Вдруг — открылась и стукнула
тяжёлая входная дверь. И по коридору раздались шаги громкие, уверенные,
пугающие, как не должны бы в школе.
Юлия Аникеевна
вздрогнула и остановилась на полуслове. Глядя на неё и все
ученики обеспокоились.
Шаги — сюда.
И дверь — рванули. И не
спрося дозволения, чего Юлия Аникеевна никогда не
попускала, — вошёл молча, совсем молча, как в пустую
ригу за вязанкой соломы, а не в полный учениками класс, — чернобородый
Плужников в овечьей мохнатой шапке, в чёрном перехваченном полушубке и
бутылочных сапогах.
А сзади него поспевал Судроглаз в трёпаном пальтишке, без шапки. Но не для того,
чтоб остановить его не врываться. И тоже на Юлию Аникеевну
не обращая внимания.
Учительница стояла
изумлённая, не успевая спросить. Но с чем-то страшным только они так могли
войти — и ученики затаились. Стало ещё тише, чем было.
И Плужников подошёл к
передней стене, поднял две руки, взялся за чёрную лакированную раму царского
портрета — и сдёрнул его!
На пол звякнул гвоздик.
Учительница прижала книжку к
груди и побледнела.
А Судроглаз
пошёл к такому же рядом портрету царицы, но не доставал. И обернулся, без
спроса взял стул Юлии Аникеевны, неуверенно встал на
него — и сдёрнул второй портрет.
И не возвращая стула, и
ничего не объяснив, — взяли портреты и выносили, оставив замерший класс.
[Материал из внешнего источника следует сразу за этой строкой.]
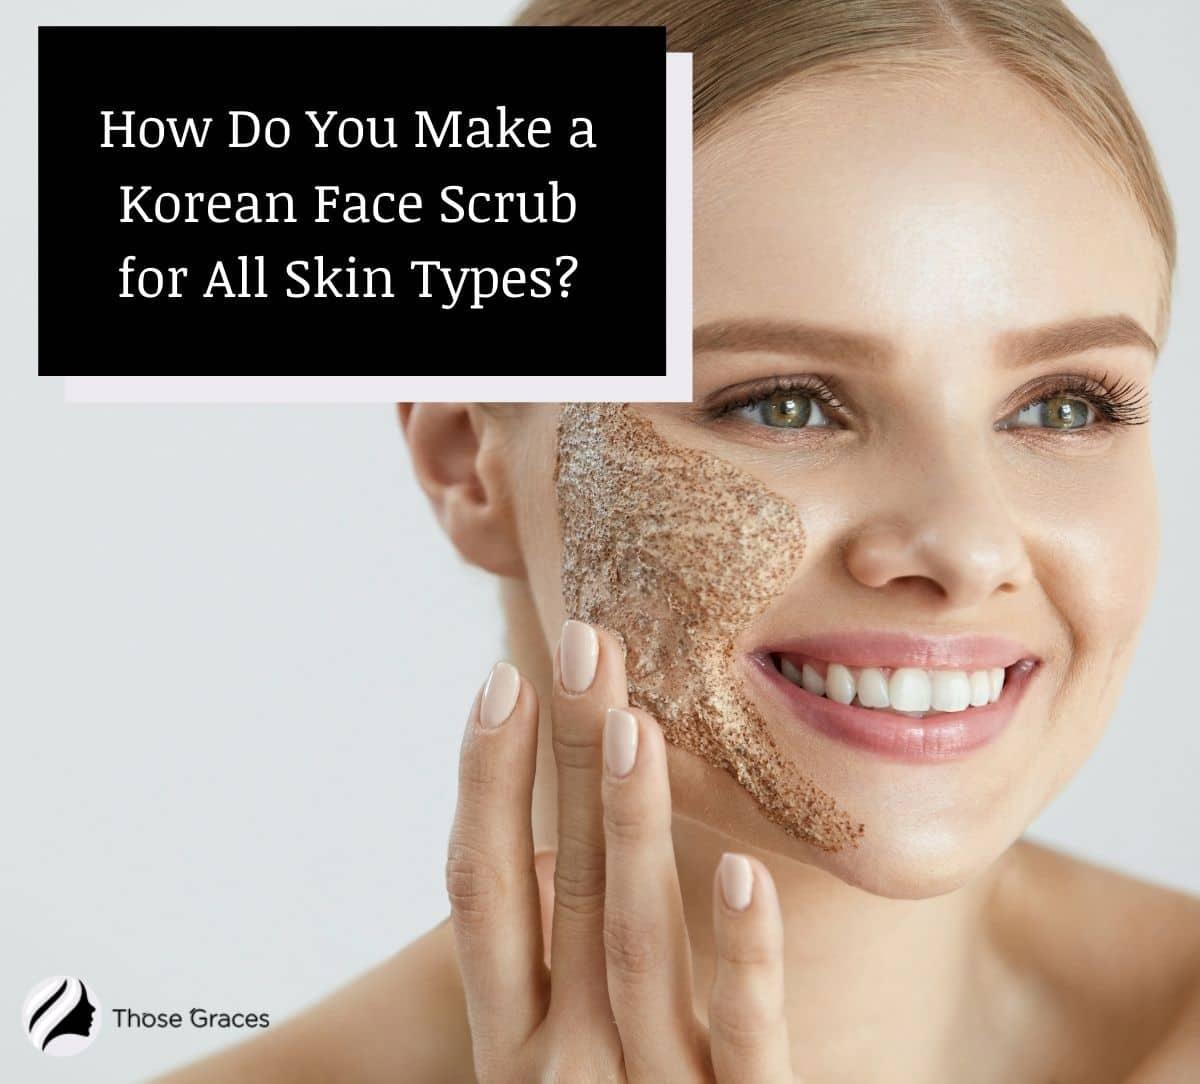 smiling woman with a DIY Korean face scrub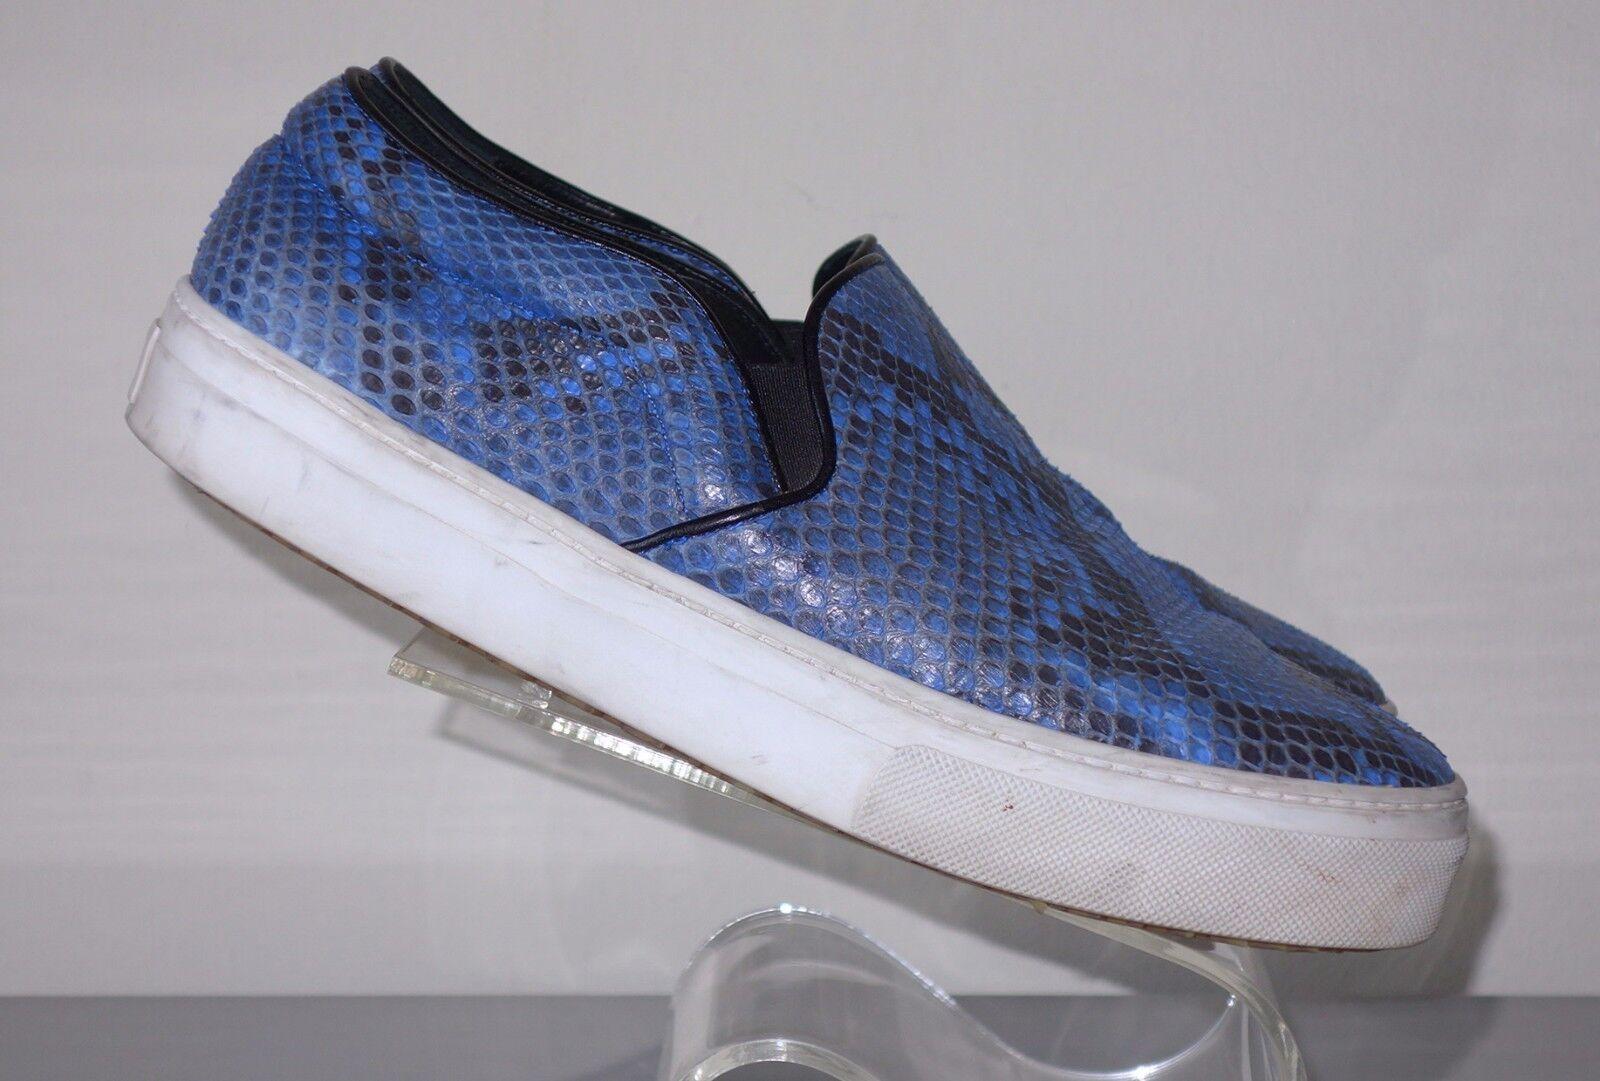 CELINE    Phoebe Philo blu Snakeskin Slip-On Skater scarpe da ginnastica Sz 38 1 2 996ad5

— А Владимир Мефодьевич?! — воскликнула учительница, — вам разрешил??
Владимир Мефодьевич
был попечитель земской школы и рядом земской больницы, обе построив на свои
деньги.
— Мы теперь и без Владимира Мефодьевича! — резким насмешливым голосом, как он умел,
отозвался Судроглаз.
И ушли в коридор.
Плужников не хотел обижать
учительницу, не нарочно он так сделал, а порывом. На него самого эта новость
свалилась, на первого в Каменке, всего полчаса назад. Ещё не знало ни волостное
правление, ни урядник.
Свалилось — ничем не предупреждённое, как с ясного бы неба валун. Но за полчаса
он в себе уже переработал — и узнал, что всю жизнь к этому был готов.
Потому что: не Царь был — а царёнок.
Узнал первый, — и сам же
первый должен был что-то и сделать. И первое, что придумал, — снимать портреты.
Что-то рядом тарантил ему
зуёк-учитель — Плужников его и не слышал. Он стоял, расставив ноги, перед
школой на холме над селом — и окидывал его всё, в ярком солнце, занесенное
снегом, незыблемо-покойное, ничего не ведающее, — и думал, как сейчас
прогрохочет через него царское отречение? Что будет с урядником? Что загуторят
мужики?
Он стоял над своим селом,
где и всегда был первым, а сейчас ещё раз ему надо было первенство взять.
Плужников так понимал:
спадают косные оковы — и наша сила, почитай, теперь развернётся пуще. Теперь-то
— мужикам и надо самим захватывать свою жизнь.
Вот когда и придёт мужицкая
правда!
Мимо него пробегали, и по
тропкам вниз, отпущенные ученики.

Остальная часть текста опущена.